WHAT IS NEEDED: The response should consist of every line below, restated exactly, with no pictures.

DATA BELOW:
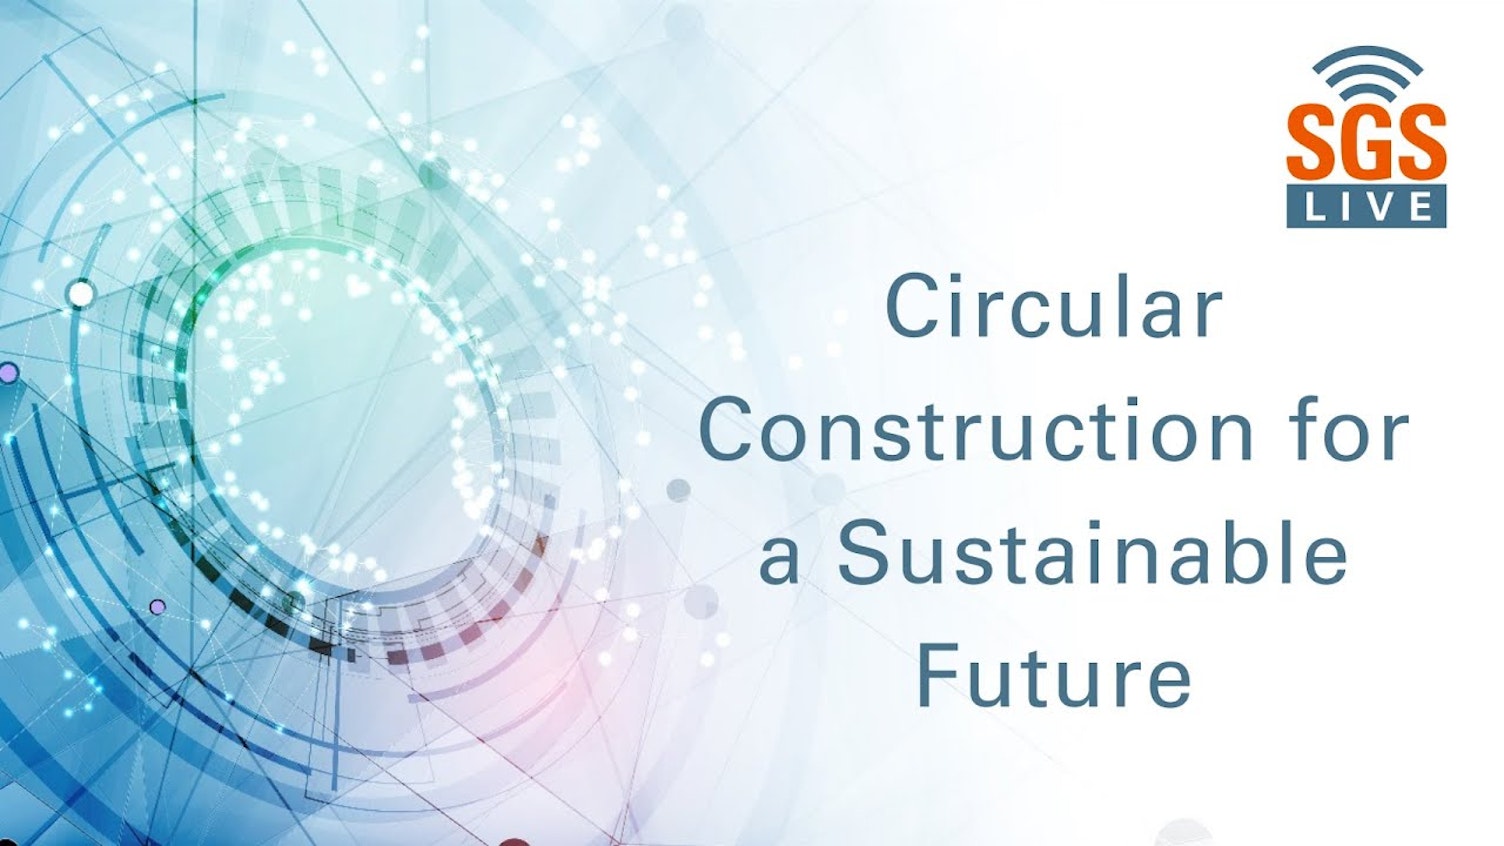 持続可能な未来のための循環型構造
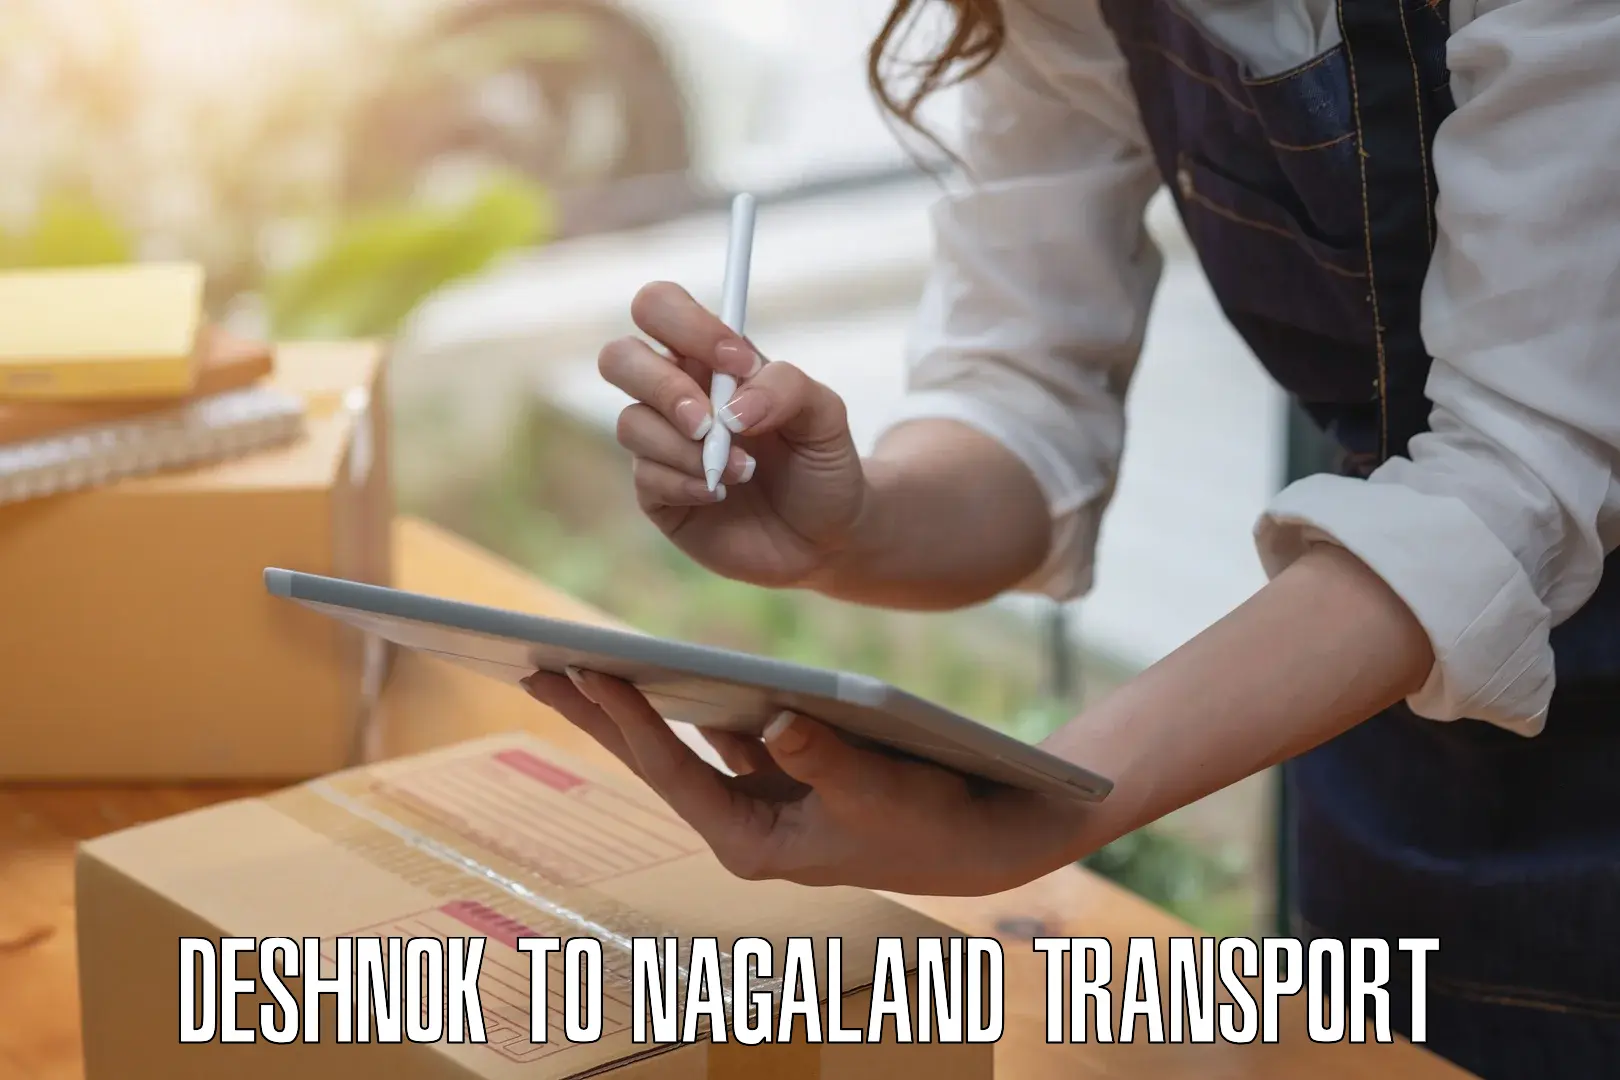 Interstate transport services Deshnok to Nagaland
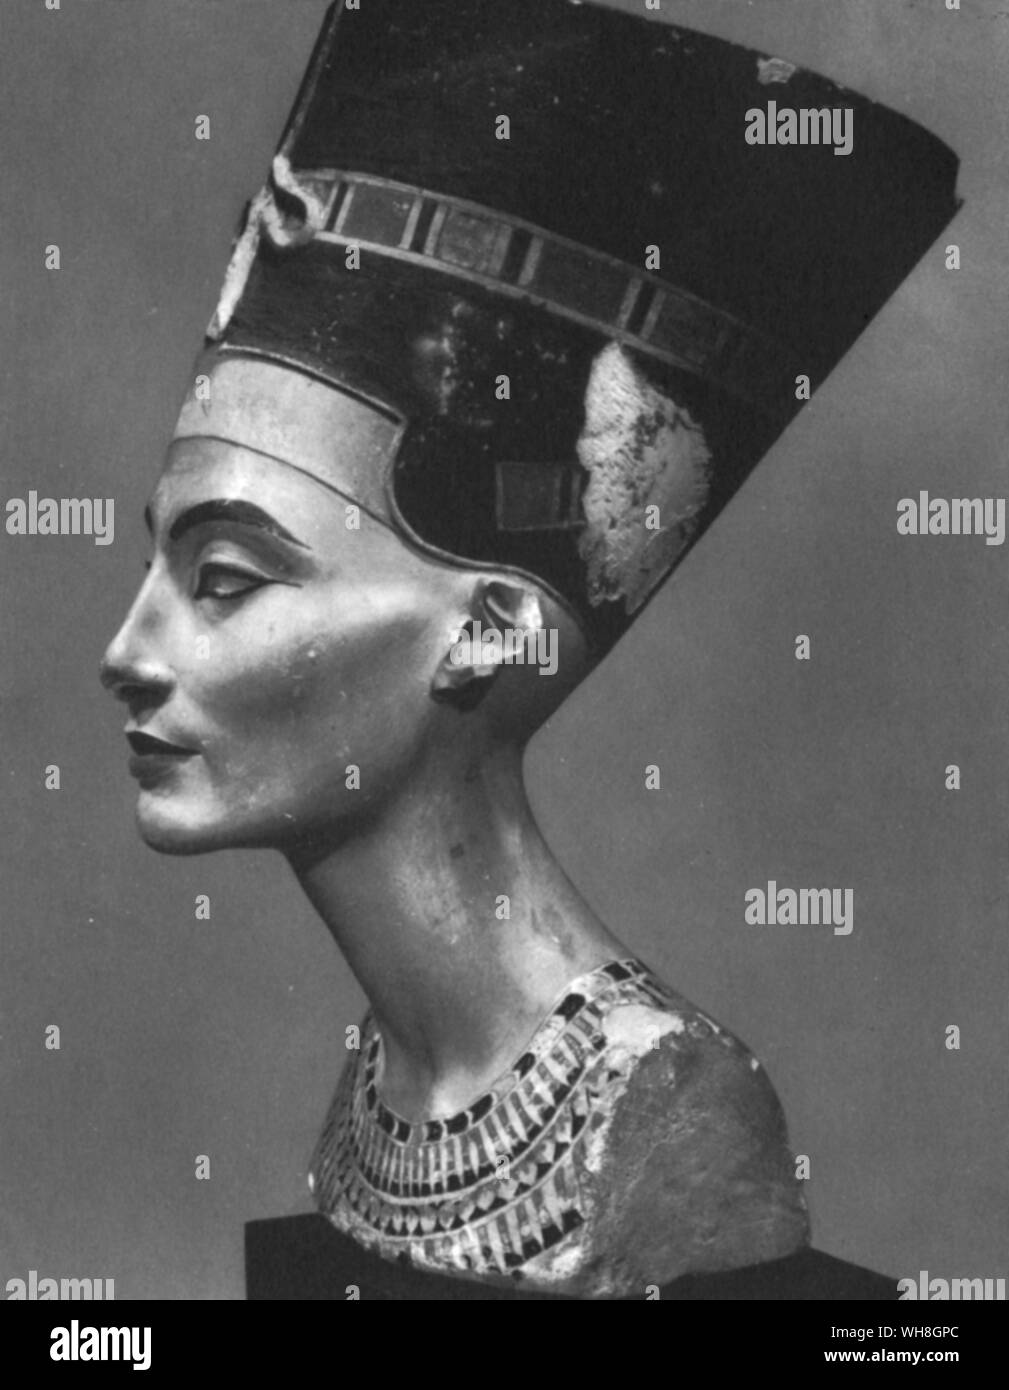 Busto della regina Nefertiti. Nefertiti era la moglie del faraone Amenhotep IV (dopo Akhenaton), e la madre-in-legge del faraone Tutankhamon. Il suo nome si traduce approssimativamente per la bella è venuto. Il busto è uno dei più copiati opere di antico Egitto. Essa è stata attribuita allo scultore Djhutmose, ed è stato trovato nella sua bottega. I tesori di Tutankhamon. Tutankhamon da Christiane Desroches Noblecourt, pagina 105. Foto Stock
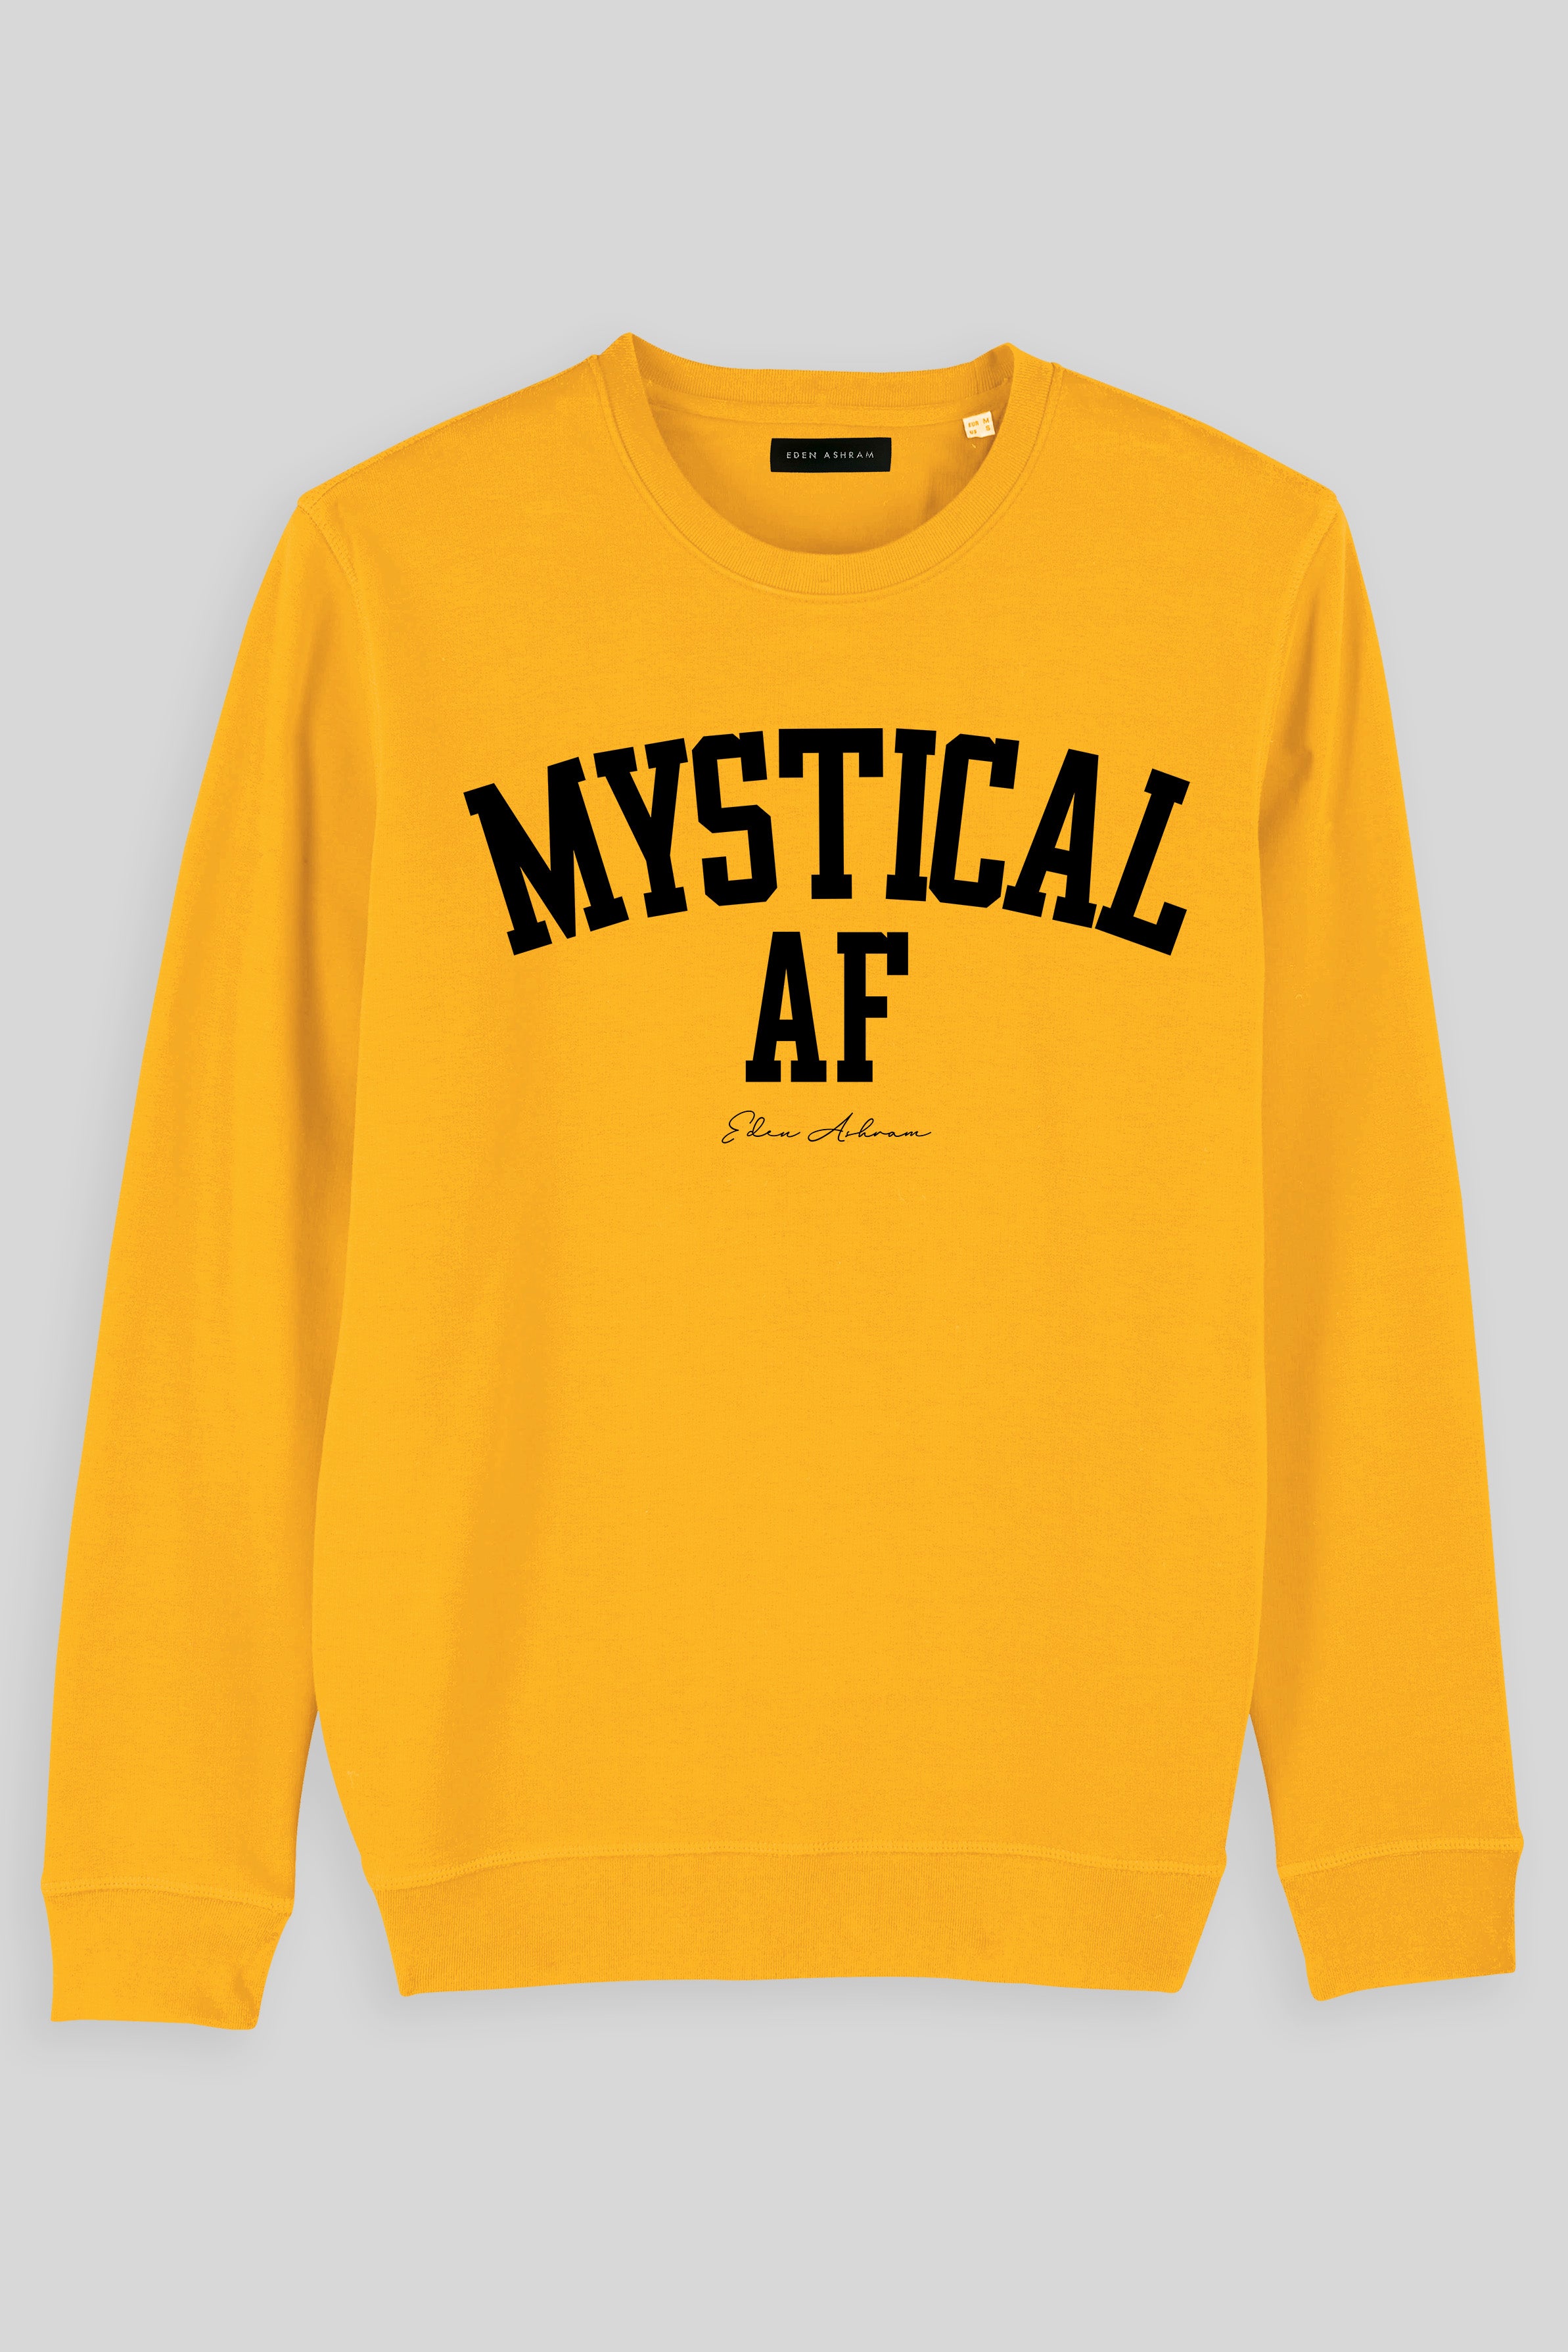 EDEN ASHRAM Mystical AF Premium Crew Neck Sweatshirt Spectra Yellow

SOLUTION:
 持続可能な未来のための循環型構造
 Interstate transport services Deshnok to Nagaland
 Busto della regina Nefertiti. Nefertiti era la moglie del faraone Amenhotep IV (dopo Akhenaton), e la madre-in-legge del faraone Tutankhamon. Il suo nome si traduce approssimativamente per la bella è venuto. Il busto è uno dei più copiati opere di antico Egitto. Essa è stata attribuita allo scultore Djhutmose, ed è stato trovato nella sua bottega. I tesori di Tutankhamon. Tutankhamon da Christiane Desroches Noblecourt, pagina 105. Foto Stock
 EDEN ASHRAM Mystical AF Premium Crew Neck Sweatshirt Spectra Yellow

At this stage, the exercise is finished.